- THE PROBLEM
Please give every line below again exactly, but not its pictures.

- COLLECTED MATERIAL
# # #
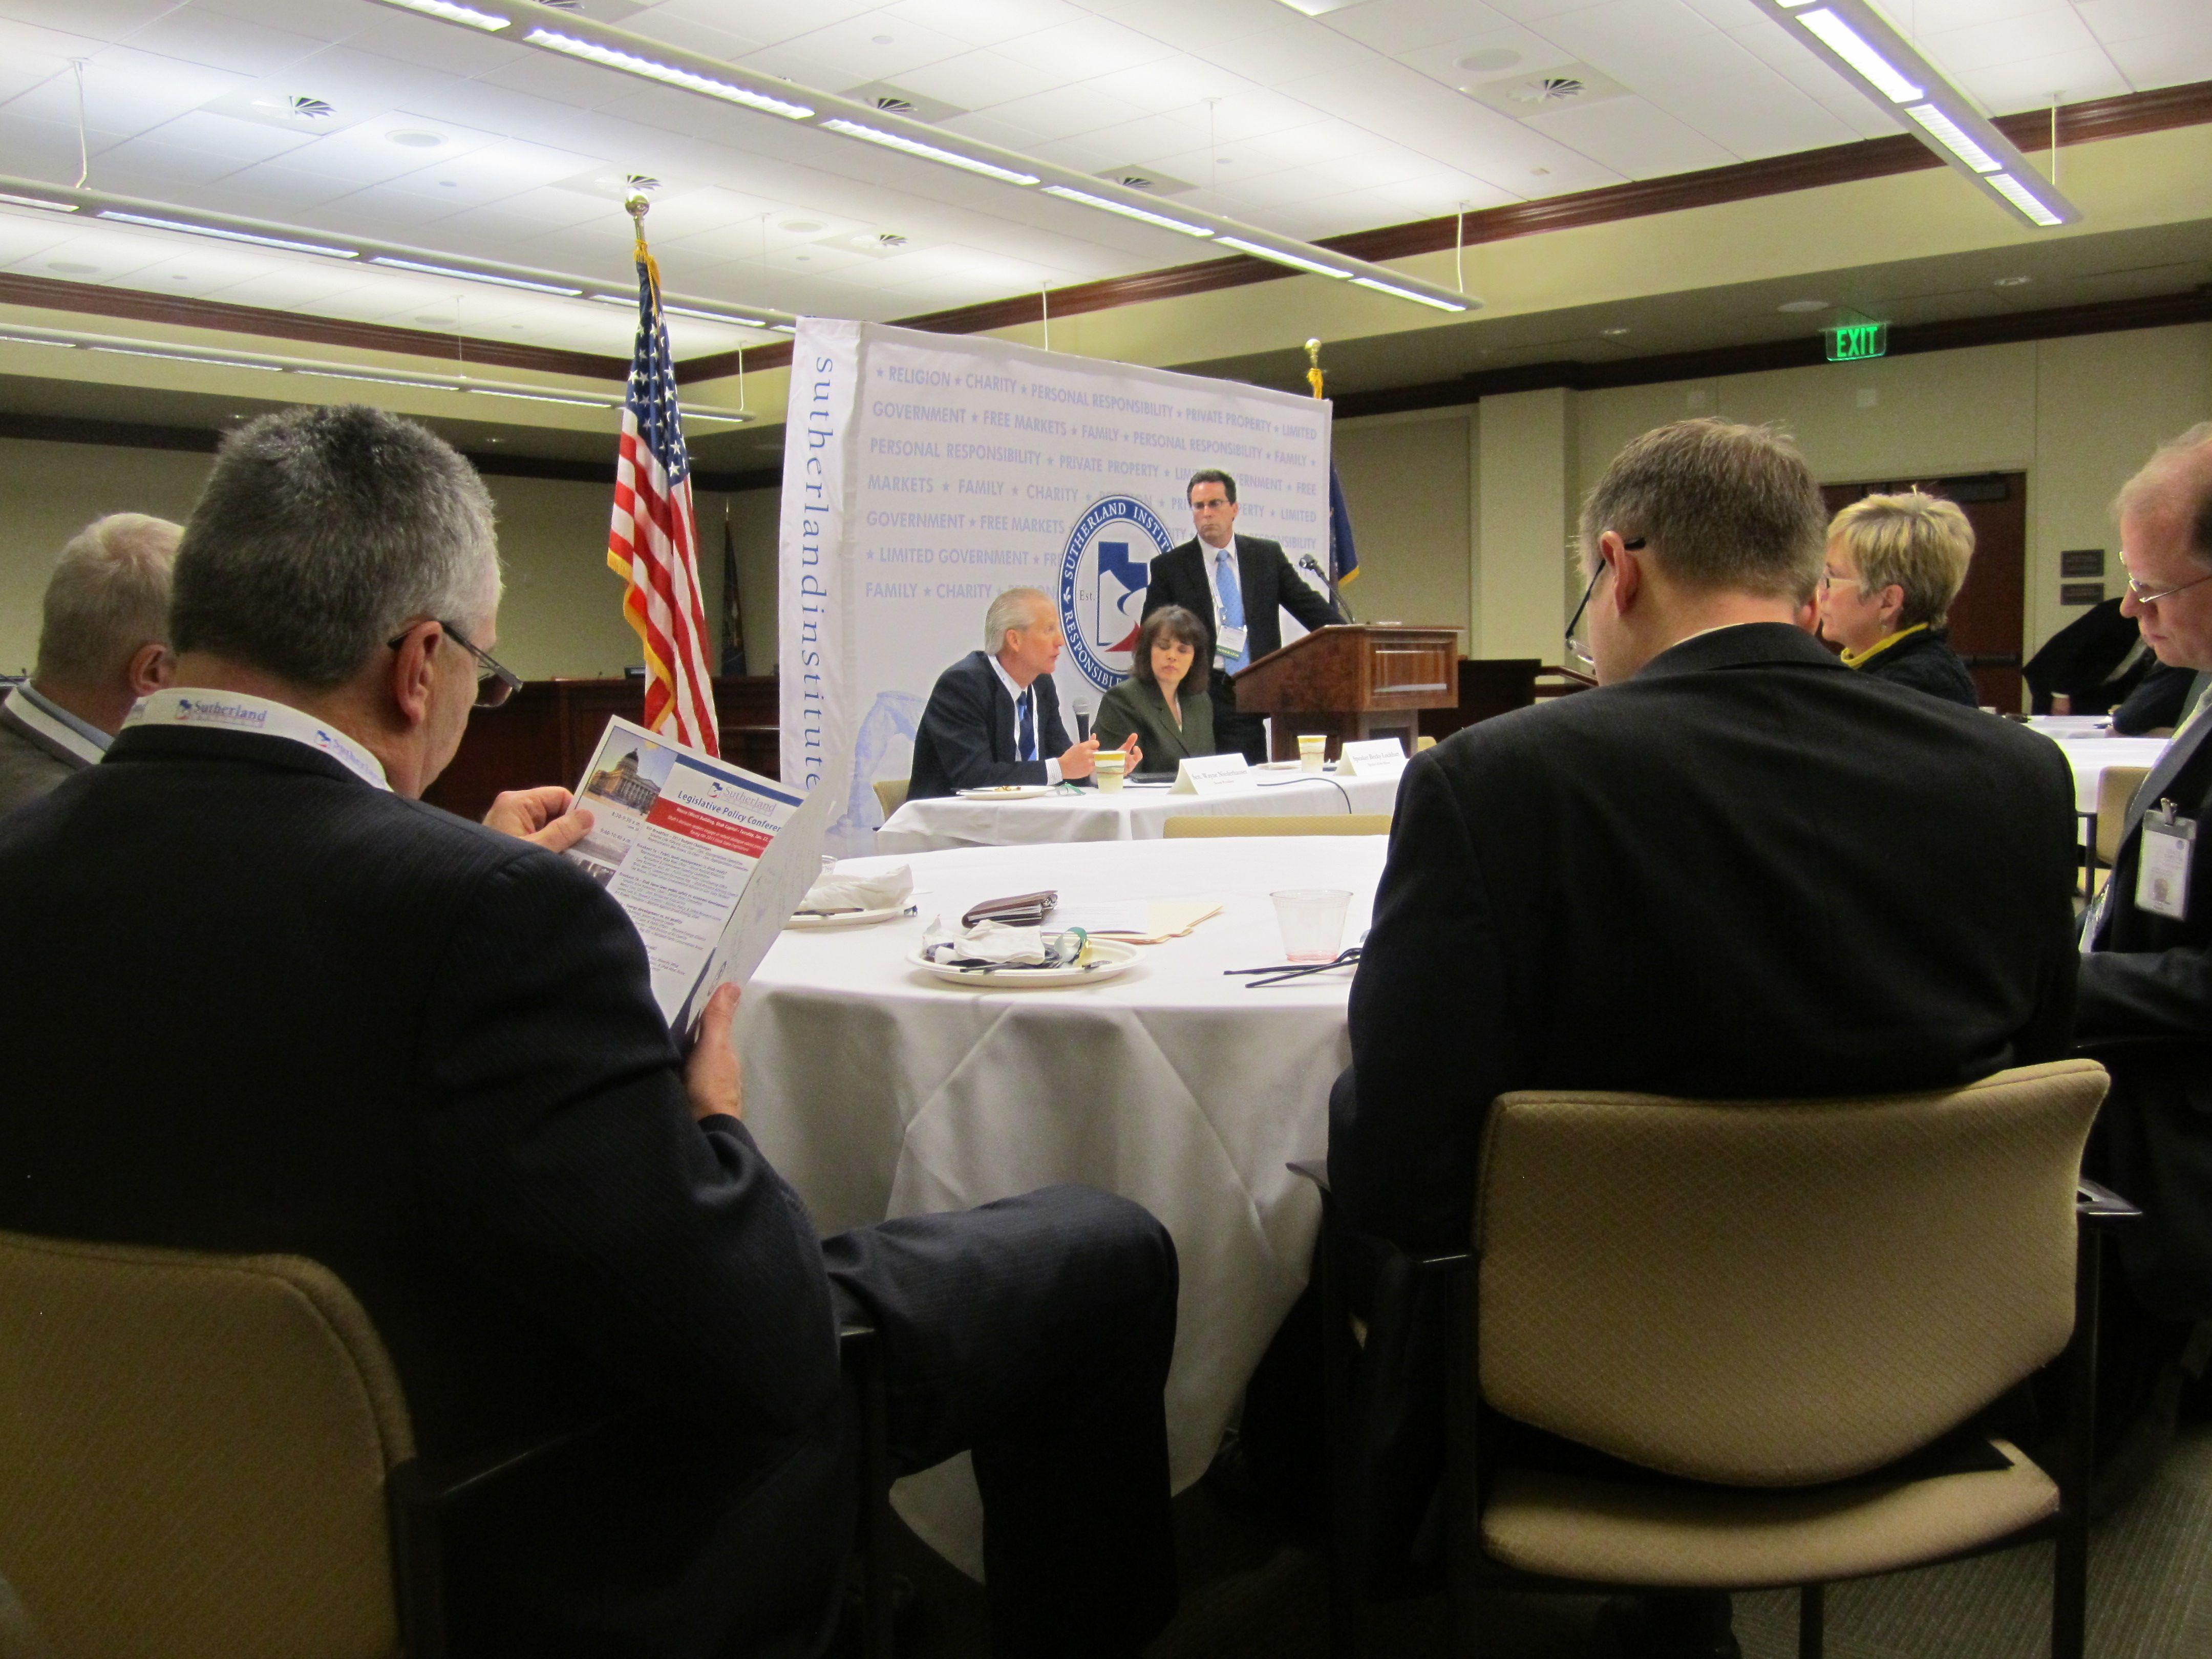 Senate President Wayne Niederhauser And Speaker Of The House Rebecca Lockhart Give A Legislative Preview By Answeri Senate This Or That Questions Legislature
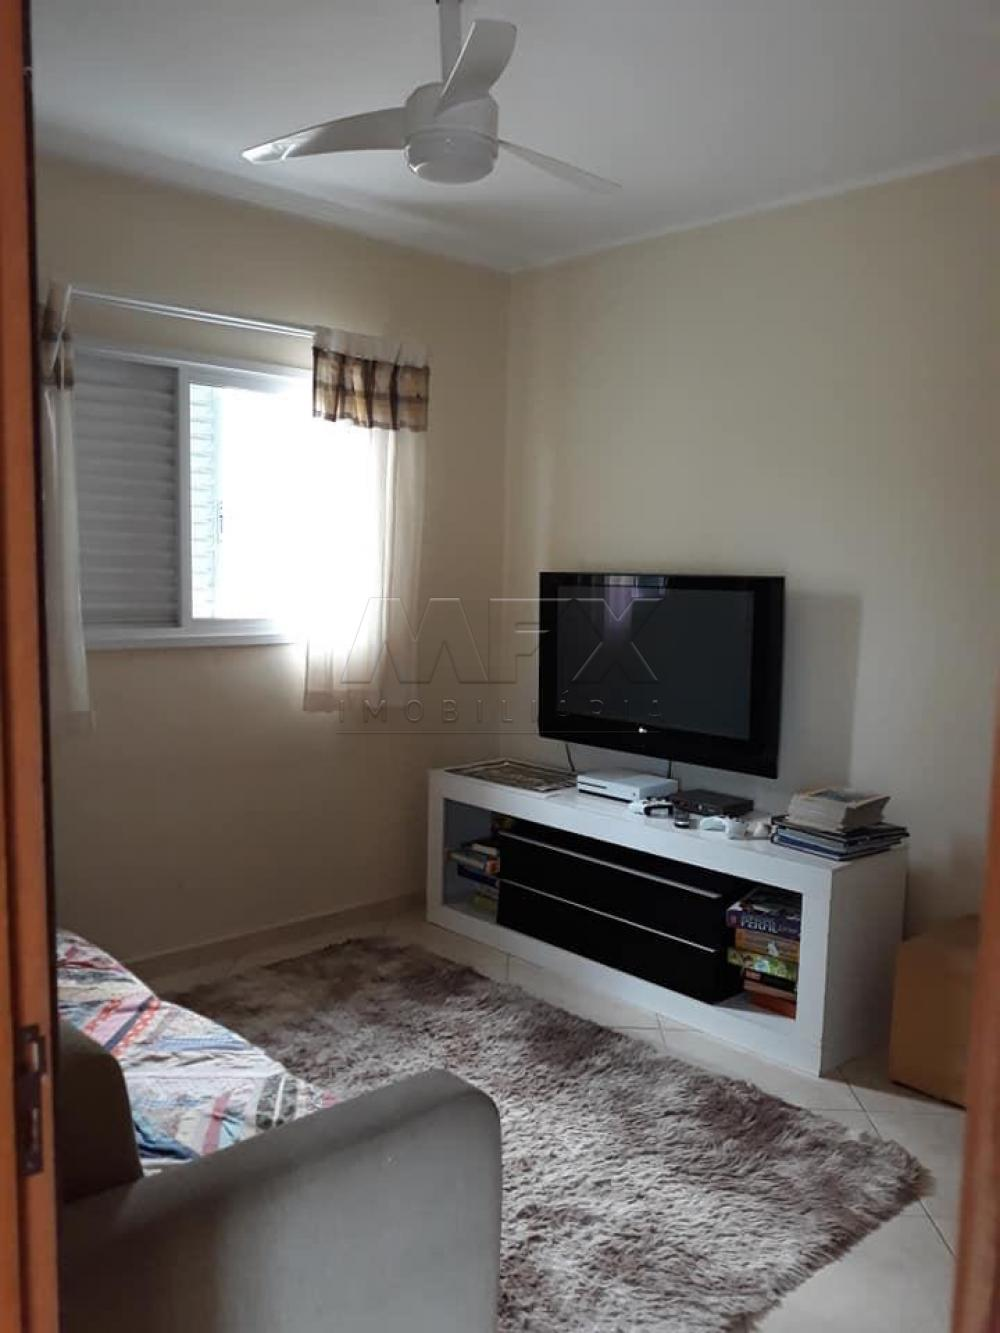 Comprar Casa / Condomínio em Bauru apenas R$ 750.000,00 - Foto 7
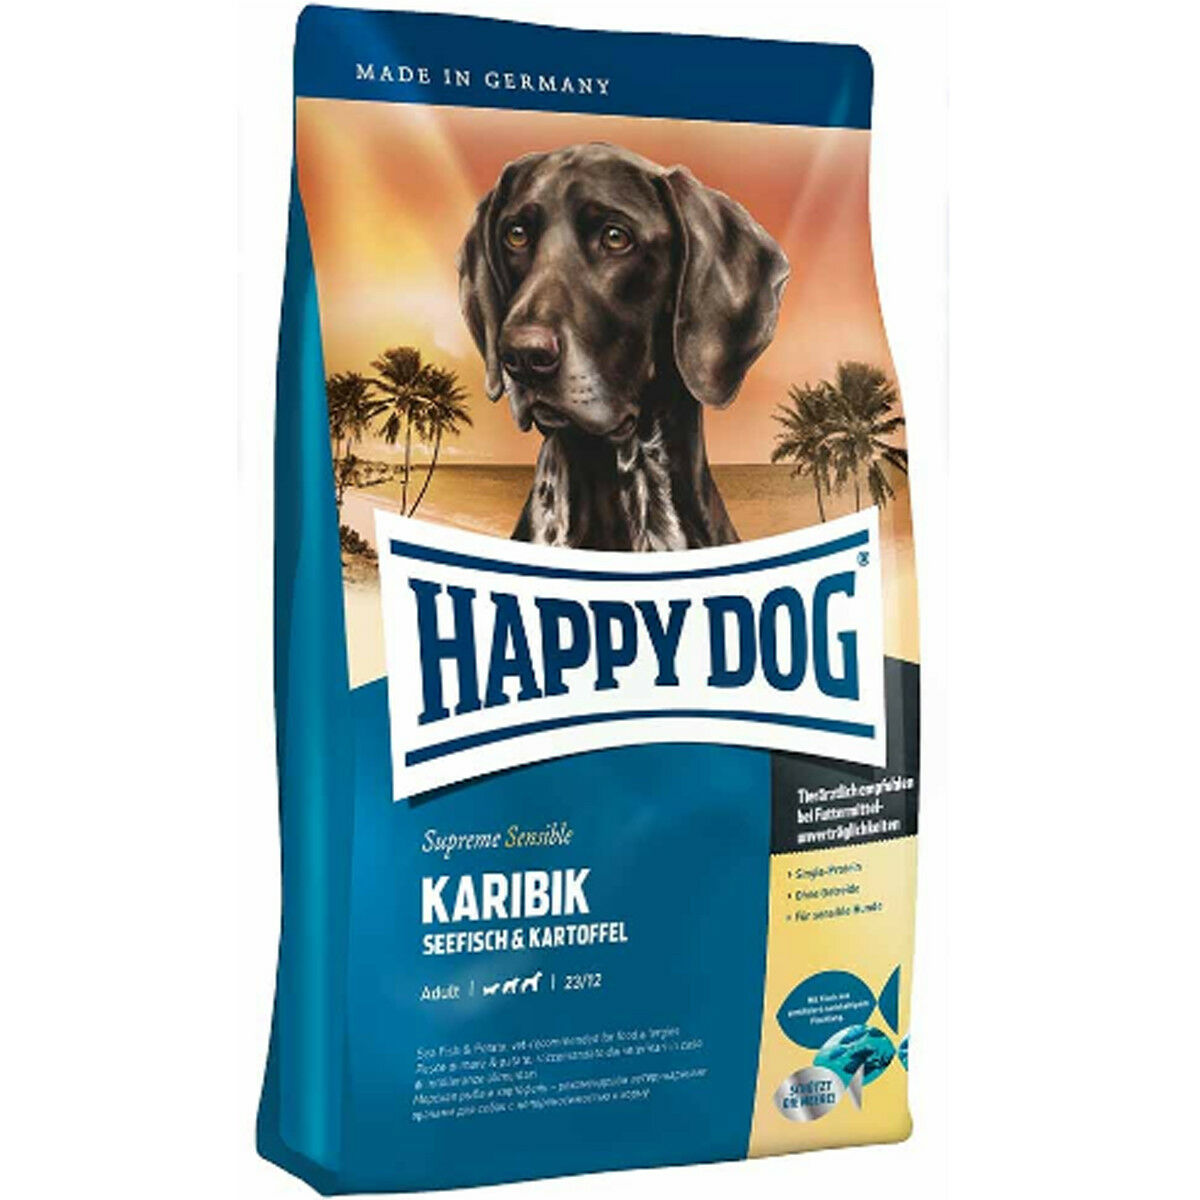 Happy DOG Supreme sensibili Caraibi hdsk cibo per cani ideale per   soffre di allergie MANGIME
# # #
- THE COMPLETED TASK
 Senate President Wayne Niederhauser And Speaker Of The House Rebecca Lockhart Give A Legislative Preview By Answeri Senate This Or That Questions Legislature
 Comprar Casa / Condomínio em Bauru apenas R$ 750.000,00 - Foto 7
 Happy DOG Supreme sensibili Caraibi hdsk cibo per cani ideale per   soffre di allergie MANGIME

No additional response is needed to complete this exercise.